A Conversation with John Barnes

By Karrie Osborn

Fascia is where therapeutic answers lie and where healing begins. That’s the message John Barnes, physical therapist (PT), has been imparting to his clients and students for the past 50 years.
Barnes, founder of Myofascial Release Treatment Centers & Seminars, was a traditional PT for the first 15 years of his career before he began to explore the modalities and philosophies that would inform his work and become part of his myofascial release protocols today.

Addressing the Fascia
“Temporary results—they’re what drive me crazy and you crazy,” Barnes tells the group of therapists gathered in front of him, their nodding heads confirming agreement on why they’ve come to this Myofascial Release (MFR) workshop. “MFR is another dimension to massage and bodywork that helps to create more long-lasting results,” he says. At the heart of the solution, is fascia.
“The primary communication system in our body is fascia,” Barnes explains during a workshop break. “People have been calling fascia an insulator all these years, but it’s really more like fiber optics.” As with any communication system, how well the transmission lines work is a key component to the system’s health.
Barnes says that as fascial sheaths in the body are “glued” together as a result of injury, trauma, or dysfunction, they become unyielding. “Restricted fascia has the tensile strength of 2,000 pounds per square inch,” he says. “That’s two full-grown horses standing on the nerves that innervate the muscle. It’s crushing our cells. And it pulls structures out of alignment.” But restricted fascia is entirely capable of being changed.
While massage, energy techniques, and other forms of bodywork address fascia, Barnes says they release only 20 percent of the facial system—the elastic and muscular components of the myofascial complex. “It requires very different principles to release the other 80 percent,” he says. When addressing fascia, Barnes says you must first get through the collagenous barrier, something that takes up to 120 seconds of pressure to even begin a release. Most therapists, Barnes says, are not that patient. “They’re either pushing their way through it or pushing over it; they don’t wait to be allowed through it.” The other side of that barrier is where myofascial release happens.

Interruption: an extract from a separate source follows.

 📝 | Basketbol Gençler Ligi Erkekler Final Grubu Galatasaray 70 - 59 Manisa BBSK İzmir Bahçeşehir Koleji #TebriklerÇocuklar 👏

In addition to waiting on the tissue, and, in effect, being “invited in,” MFR is also reliant on pressure. Too much pressure, Barnes explains, and the client’s subconscious mind takes over and starts a guarding process—something a practitioner can’t muscle through. Too light a touch, and the barrier is not being engaged. “MFR is about ‘feeling’ into the client’s body and reading their body language.”

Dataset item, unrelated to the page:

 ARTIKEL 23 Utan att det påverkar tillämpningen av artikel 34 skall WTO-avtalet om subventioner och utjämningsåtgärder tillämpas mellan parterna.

Once engaged with the collagenous barrier, Barnes says there is another 3–5-minute window where you illicit the piezoelectric phenomena. “Cells are crystalline in nature; if you put pressure into a crystal, it generates an electrical flow. So, in other words, our mechanical pressure, given significant time, begins to generate a bioelectrical flow. Couple that with mechanotransduction, and you elicit a biochemical response at the cellular level. This then leads to phase transition, into a period of chaos where change and healing occur.” From there we find resonance or release.
When fascia releases, Barnes says it feels like taffy stretching. “That sense of softening leads to a deeper barrier, and then you wait there for a while.” The art, he says, is finding the restrictions and applying the appropriate pressure. “You have to use your feeling intelligence, not just your thinking intelligence,” especially since these barriers are unique to each individual. Layer by layer, the tissues are addressed. No oils or lubricants are required, only pressure and intention.
Barnes tells students that a key to MFR is to never force the tissue; in fact, it’s his mantra: “never force, never force, never force.” Approaching the tissue with patience avoids any fight-or-flight response and lets the client’s mind be available to help begin the healing process.
The nuances required for therapists to address this fascial tissue include having a quiet mind while waiting for the tissue to let you in, using the proper pressure, and then feeling the subtle changes that occur in the ground substance—the fluid part of the fascial system. “It’s in the silence and the feel that we heal,” Barnes says.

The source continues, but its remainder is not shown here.